Blu-ray Review: U Turn (1997)

Cinema has always been my go-to means of escapism and during the middle of a four-day stint of painfully slow internet speeds, Oliver Stone’s U Turn was the perfect detour thanks to its recent arrival on DVD & Blu-ray from Shock Entertainment. Sean Penn heads up a stacked cast as slick drifter, Bobby Cooper, who’s on the road to pay off his gambling debt to Vegas gangsters when his car breaks down, leaving him stranded in Superior, Arizona.

Often when we get ourselves in a negative mindset, born of stress and frustration, something as innocuous as a cold Dr. Pepper can be an ordeal. Bobby enters the ironically named town with a similar attitude and barely an ounce of patience, but it soon becomes apparent that he’s stepped into a microcosm of sorts, an ‘island of misfit toys’ if you like. The seemingly lawless community is our hero’s biggest detriment, which trickles all the way down to a grease-covered Billy Bob Thornton as sole mechanic Darrell, who dictates “company policy” to serve his own interests. Nevertheless, the sight of the town temptress played by Jennifer Lopez sets the rather haywire plot into motion, involving sex, money and murder. Much like many traditional neo-noir films, the protagonist generally has a handle of things despite the lure of a ‘dame to kill for’. However, in Bobby’s case, we learn that his reckless behaviour has landed him in a world of trouble leading to what one could surmise as a self-induced purgatory within Superior’s aura of confined chaos. His only source of advice or wisdom comes from a blind war veteran played by an unrecognisable Jon Voight, who somehow appears immune to the environment. As mentioned above, U Turn does indeed boast a stacked cast with Nick Nolte as wealthy and equally psychotic business owner Jake McKenna, opposite the complacent Sheriff Potter played by the late Powers Boothe, who are the film’s most sinister characters. Last but certainly not least, however, are Claire Danes and Joaquin Phoenix as time-warp couple Jenny and the rebellious Toby N. Tucky, who serves more like a constant annoyance to Bobby whilst on his quest to escape.
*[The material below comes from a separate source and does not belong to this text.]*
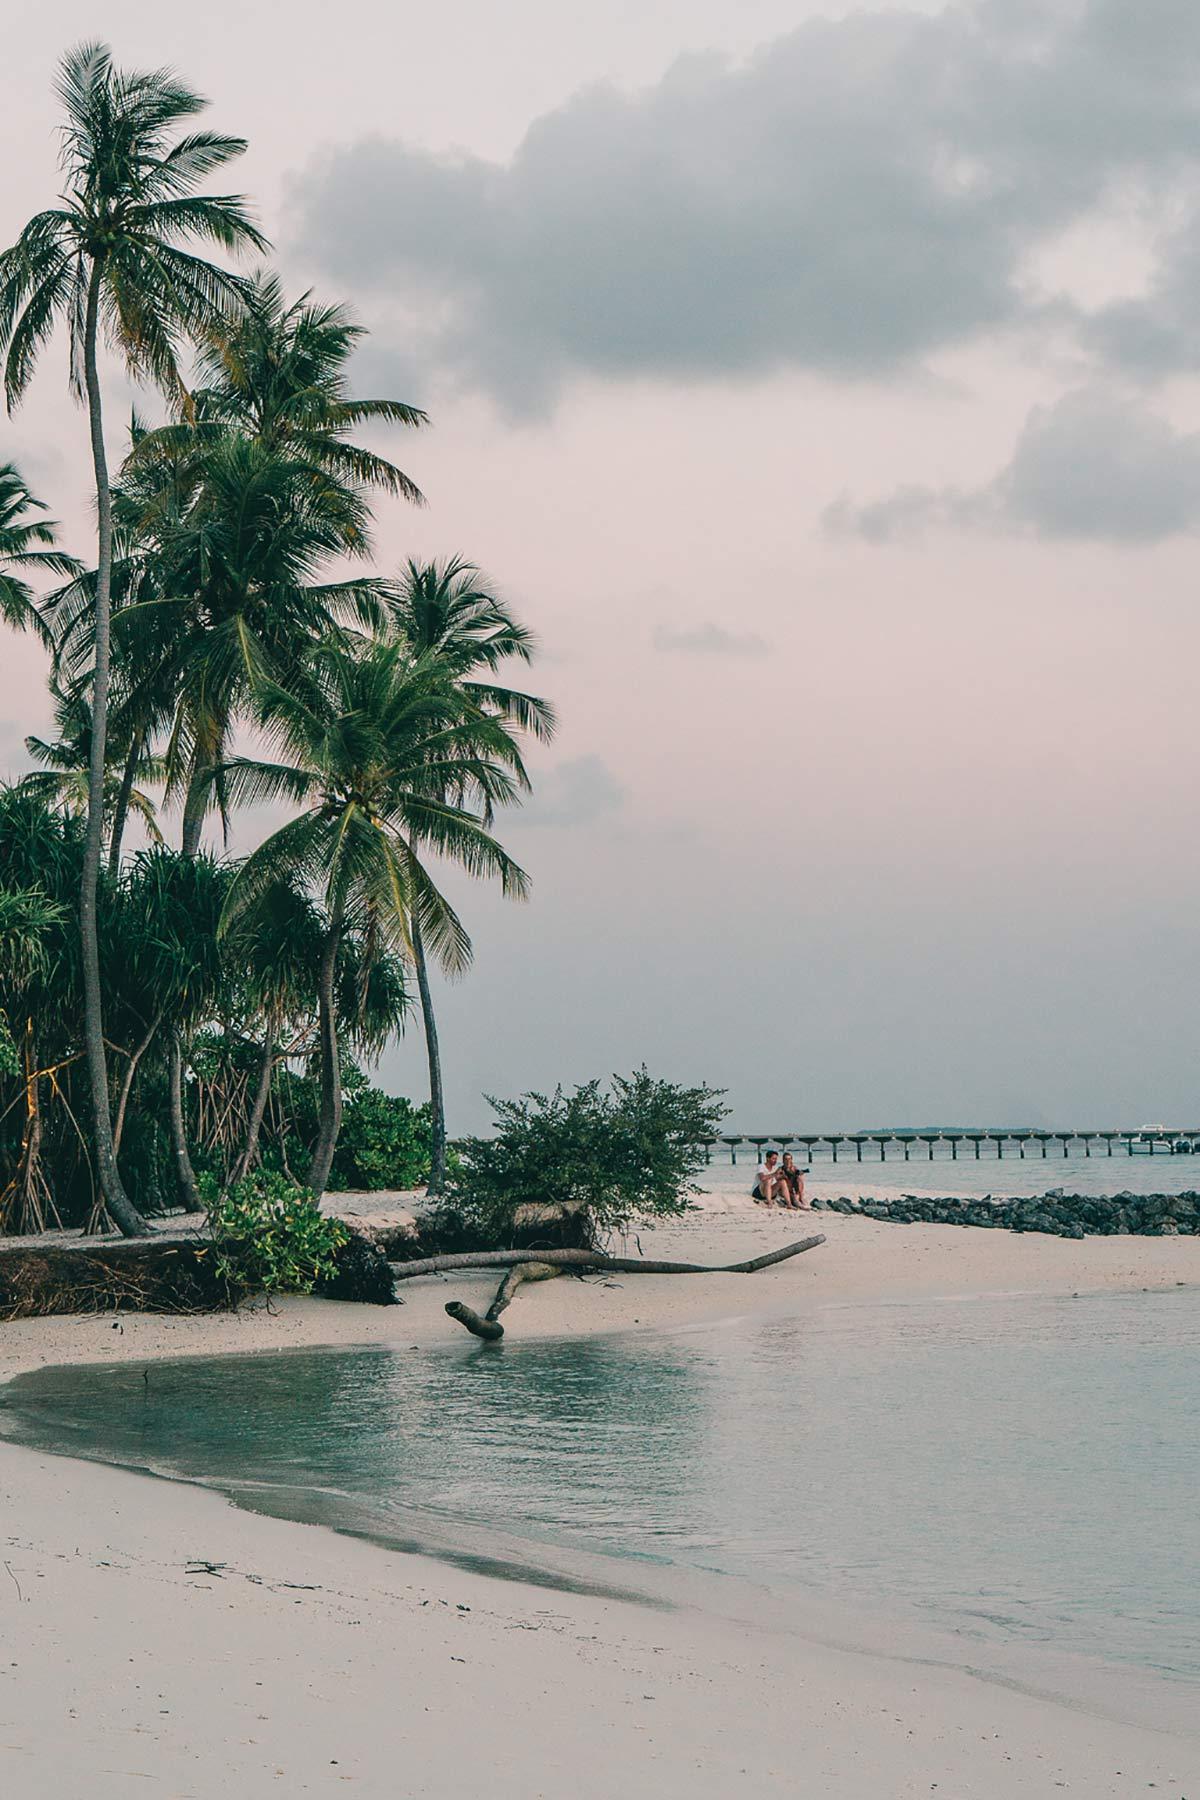 Paar Malediven

High contrast, intense image clarity and an abundance of film grain give U Turn a razor-sharp edge while emphasising the harsh desert climate of Arizona. High definition enables these visual qualities to thrive and coexist perfectly. I can’t imagine the film looking any better on Blu-ray and I think any Ultra HD upgrade would prove to be a step backwards. Unlike many of Shock Entertainment’s previous releases we have the option of two audio tracks, Dolby 2.0 & 5.1 on a region B encoded disc. While they’re not instantly distinguishable, I’m sure fans of the film’s soundtrack will appreciate the immersive 5 channel output.

I feel that U Turn would have been better suited to Shock’s sub-label of Cinema Cult due to the film’s gritty style and nature, plus the well-earned R rating. It’s not Oliver Stone’s most cohesive film, but stands firm next to the likes of Natural Born Killer. So as Flo the waitress, played effortlessly by Julie Hagerty, politely told our weary hero, “Now you can fuckin’ take it, or you can fuckin’ leave it.”